The soft spots are more serious. The design relies on randomizing IPIP-50 order to break frame alignment, but the abstract supplies no controls for the fact that transformers are position-sensitive; attention and recency effects could produce the same manifold collapse without any deeper story about shared frames. No comparison to order-invariant models or semantic reordering appears. The reported percentages also come without sample sizes, error bars, or statistical tests, so it is impossible to judge whether the 21% versus 42% difference is reliable or just noise.

This is for readers already working on LLM psychometrics or alignment evaluation who want to think about response structure beyond trait scores. A methods-focused reader might still extract the manifold construction step.

I would not send this for peer review. The experiment needs explicit checks against positional confounds before the dual-nature conclusion can be treated as supported.

Referee Report

2 major / 0 minor

Summary. The paper claims that LLM personas exhibit a dual nature consisting of frame-robust aggregated features (Big Five scores from IPIP-50 responses, showing a 21% degradation under randomization) and frame-dependent geometric features (SPD manifold structure, showing a 42% collapse under frame misalignment that recovers to 84% under shared frames, exceeding the 76% for aggregates). Experiments manipulate question order in GPT-4o simulations of American and Chinese-American personas to demonstrate that geometric structure encodes coordination information invisible to aggregation, challenging static trait views and calling for frame-aware evaluation.

Significance.
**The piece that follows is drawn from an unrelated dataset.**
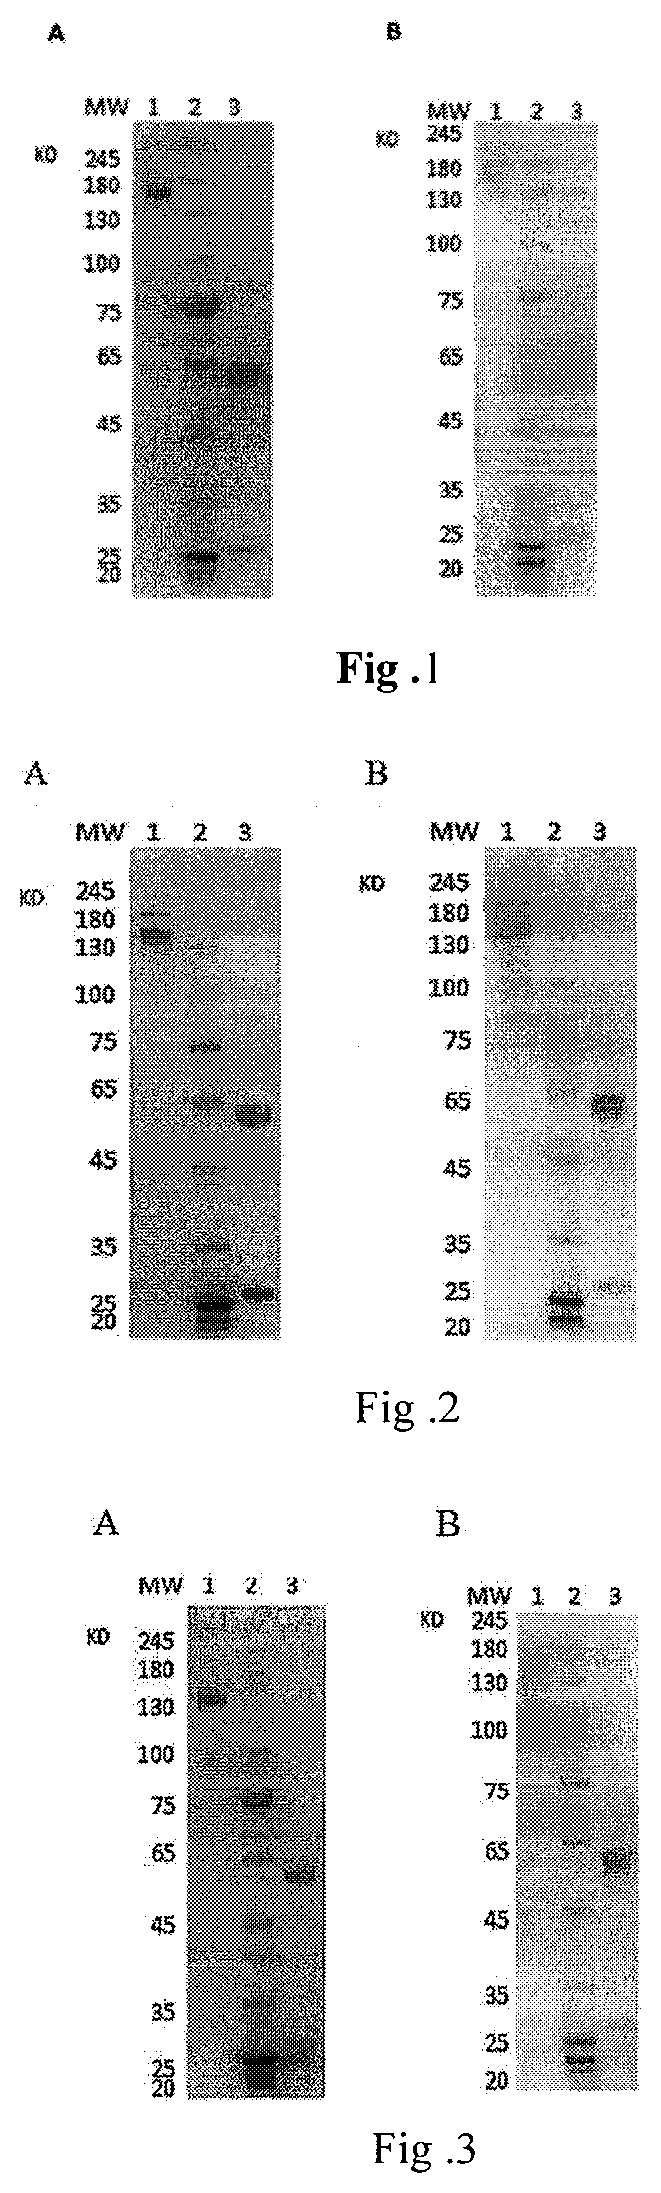 A fully native human neutralizing monoclonal antibody against tetanus toxin and its applications

If the dissociation and collapse-recovery pattern hold after addressing methodological gaps, the work would provide a novel geometric lens on LLM persona evaluation that goes beyond standard psychometric aggregates, potentially influencing how consistency and frame sensitivity are assessed in LLM research.

major comments (2)

[Abstract] Abstract: the central quantitative claims (21% drop for aggregates, 42% collapse and 84% recovery for geometry, 76% comparison) are reported without sample sizes, statistical tests, error bars, exact metric definitions (e.g., frame misalignment, recovery), or controls, rendering the dissociation result unverifiable from the text.
[Methods] Experimental design (order-manipulation procedure): randomizing IPIP-50 question order is presented as isolating frame dependence, but no controls separate this from known LLM positional/attention artifacts or recency bias; without such controls (e.g., position-shuffled vs. semantically reordered prompts or order-invariant baselines), the claim that geometry reflects a distinct frame-dependent coordination pattern rather than an artifact remains at risk.

Simulated Author's Rebuttal

2 responses · 0 unresolved

We thank the referee for the constructive comments on clarity and experimental controls. We address each point below and will revise the manuscript accordingly.

read point-by-point responses

Referee: [Abstract] Abstract: the central quantitative claims (21% drop for aggregates, 42% collapse and 84% recovery for geometry, 76% comparison) are reported without sample sizes, statistical tests, error bars, exact metric definitions (e.g., frame misalignment, recovery), or controls, rendering the dissociation result unverifiable from the text.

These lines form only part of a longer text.